The bad news is she said I was old in the dream. Really old. Like age-spots on my big forehead old.

I wonder if I was wearing my pants really high in the dream. I don’t care what anyone says, that it a good look.

Anyway, I had only one thought when she told me about the dream.

No kidding.

I think she missed her calling. She should have been a detective.

I guess she has been staring at her laptop and SMARTBoard for so long that she hadn’t noticed that I AM old.

I would like to point out that since I met her she has aged the same number of years, but since I still can’t cook, I will keep that information to myself.

This did get me to thinking.

Another year is almost gone. While I have mentioned this before, I am still amazed by how quickly the years are flying.

The calendar year flies…as does the school year…summer vacation…and most of all, the weekends.

As we head towards the end of the year, I am faced with the fact that my daughter is also getting older.

While she is 7, she maintains a social calendar of a 20 year old (except for the parties, tattoos, and piercings… knock on wood… seriously, everyone reading this knock on wood).

She doesn’t have much time for me.

If I want her to clean her room, I have to contact someone she likes to call “her people”.

It used to be that I only needed to ask her 30 seconds before I left the house if she wanted to tag along with me.

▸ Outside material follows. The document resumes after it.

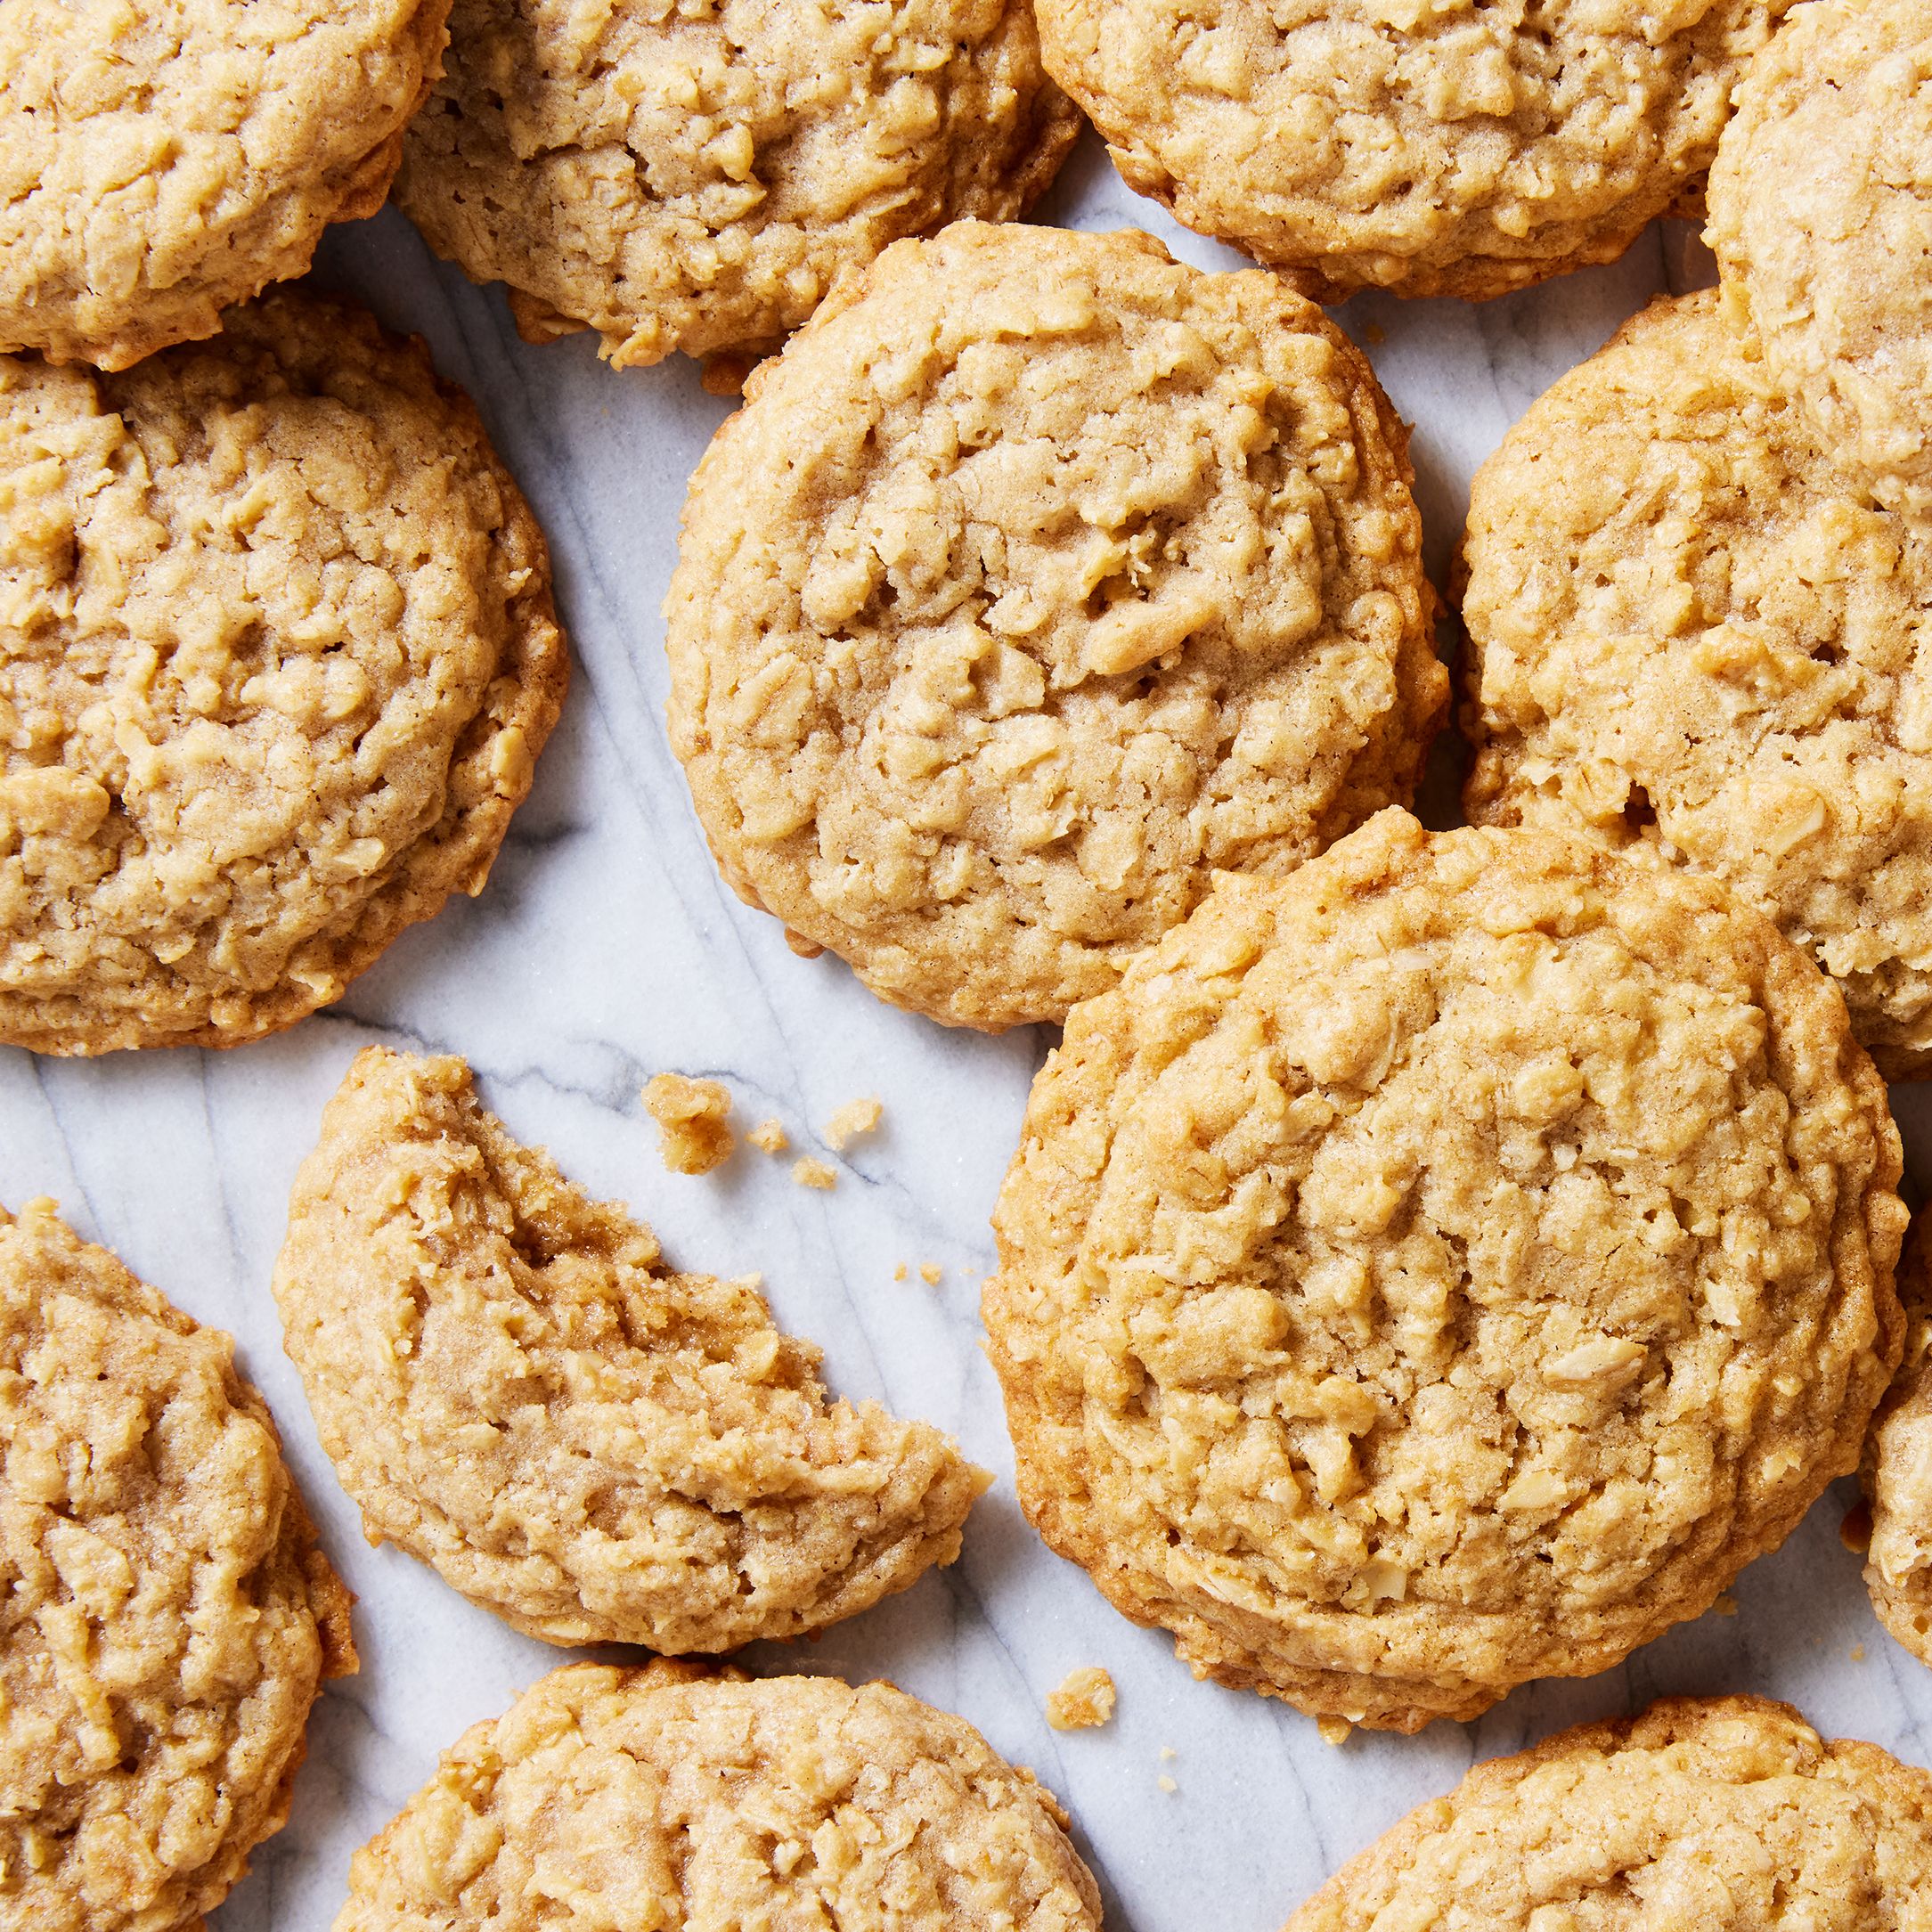 Why You Need a KitchenAid Mixer + My Favorite Oatmeal Cookie Recipe
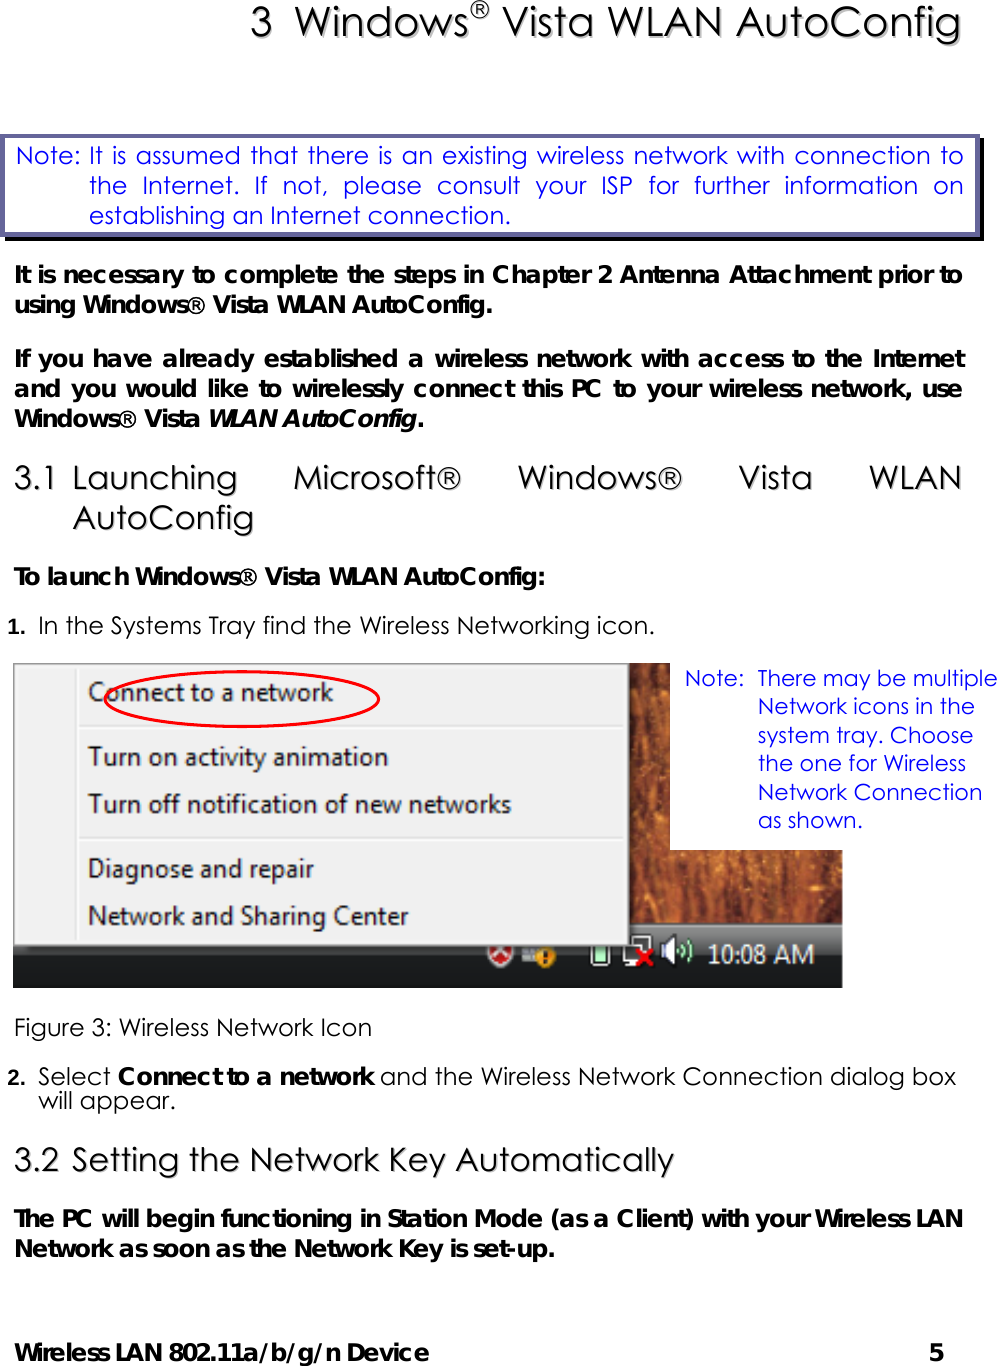 Wireless LAN 802.11a/b/g/n Device                                         5 33  WWiinnddoowwss  VViissttaa  WWLLAANN  AAuuttooCCoonnffiigg  It is necessary to complete the steps in Chapter 2 Antenna Attachment prior to using Windows Vista WLAN AutoConfig. If you have already established a wireless network with access to the Internet and you would like to wirelessly connect this PC to your wireless network, use Windows Vista WLAN AutoConfig. 33..11  LLaauunncchhiinngg  MMiiccrroossoofftt  WWiinnddoowwss  VViissttaa  WWLLAANN  AAuuttooCCoonnffiigg    To launch Windows Vista WLAN AutoConfig: 1.  In the Systems Tray find the Wireless Networking icon.  Figure 3: Wireless Network Icon 2.  Select Connect to a network and the Wireless Network Connection dialog box will appear. 33..22  SSeettttiinngg  tthhee  NNeettwwoorrkk  KKeeyy  AAuuttoommaattiiccaallllyy  The PC will begin functioning in Station Mode (as a Client) with your Wireless LAN Network as soon as the Network Key is set-up. Note: It is assumed that there is an existing wireless network with connection to    the Internet. If not, please consult your ISP for further information on establishing an Internet connection.  Note: There may be multiple Network icons in the system tray. Choose the one for Wireless Network Connection as shown.

Every trip was fun for her. Games, trips to the gas station, or going to the store.

Now when I ask, she says “I need to check my schedule.”

In the last year she has played on 3 soccer teams, a softball team, participated in Girl Scouts, started piano lessons, taken 3 vacations, gone to science camp, learned to swim, played golf, watched about 18,000 hours of Nickelodeon, read roughly 100 books, attended a dozen sleepovers, and joined a choir which practices once a week.

Last night she barely had time to teach me how to use my new Blackberry Storm.

And oh yea. She goes to school.

Which means there is homework at least 4 nights a week.

Sometimes I wonder if she is too busy. I am torn between encouraging her to participate in everything that interests her and making her slow down.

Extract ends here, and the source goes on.